Saturday, May 22, 2010

How to Reduce Your Auto Loan Interest Rate

How to Reduce Your Auto Loan Interest Rate

Car loan interest rates vary greatly and are based on a number of criteria, including your credit history and rating, down payment, type of vehicle purchased, and whether it is new or used. If your current auto financing arrangement offers unfavorable terms, you may be able to obtain a better rate by refinancing your car loan, with possible savings of hundreds of dollars over the life of your loan.

Instructions

Instructions

    1

    Before seeking new auto financing, pull out your current agreement to review various clauses contained within it. Determine whether there are prepayment penalties and, if so, what it would cost you to pay off the loan early.

    Some lenders simply charge a percentage fee based on the outstanding loan balance. For example, if you owe $7000 on your car loan and the prepayment penalty is 1%, then you would be charged $70 by your financing company. If this amount is more than you would save through refinancing, you may not want to refinance.

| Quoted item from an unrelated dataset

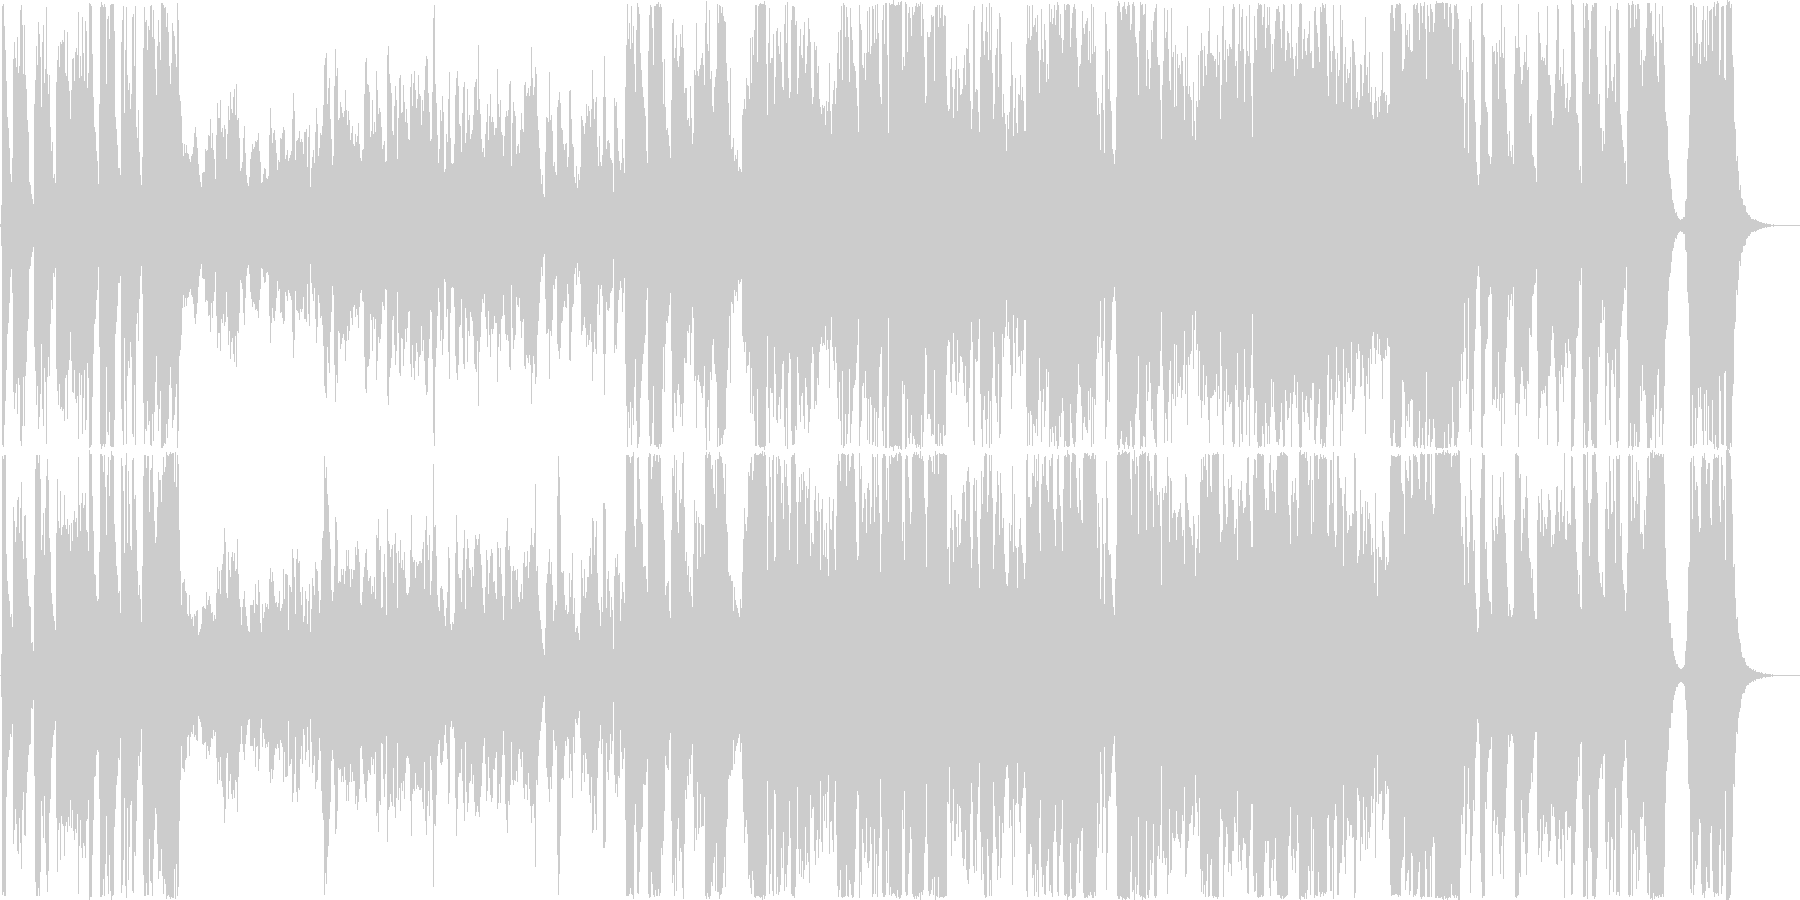 ダークファンタジー&造語多重コーラス系の未再生の波形

    Other loan agreements contain what is called the rule of 78s, under which interest charges are front loaded. With this type of loan arrangement, which is not as common as it once was, your first payments go toward interest only, with subsequent payments designed to reduce the principle. Most states restrict this practice or allow it only on short-term loans.

    Finally, some car loans are precomputed and interest and principle payments must be paid, though no prepayment penalty are charged. In effect, when you pay off this type of loan early, you pay the same amount even if the interest charges have yet to accumulate.

    2

    Compare price quotes and offers. Now that you know what prepayment penalties you may face, do not allow that information stop you from pursuing refinancing. It does not cost you to look, but it may cost you dearly if you continue to pay your current lender's high interest rate by ignoring better terms.

    Visit price quote sites such as LendingTree.com to obtain compare auto loan rates. If you bought your car new and have had it only for a few months, you still may be able to get a new car loan rate. Otherwise, plug in the data for your now used car and see what offers are available. Use the onsite comparison calculator to compare loan offers, then use the same calculator to compare the best offer with your current loan. Add in prepayment penalties and fees to get a true picture of your savings.

    3

    Accept the best offer. If you can save money after considering any prepayment penalties or other fees, then consider switching lenders.

    Your new lender may pay off your current car loan itself or issue you a check to you, which you can use to close the previous loan. In any case, send future monthly payments to your new lender and inform your auto insurer of the new lien holder.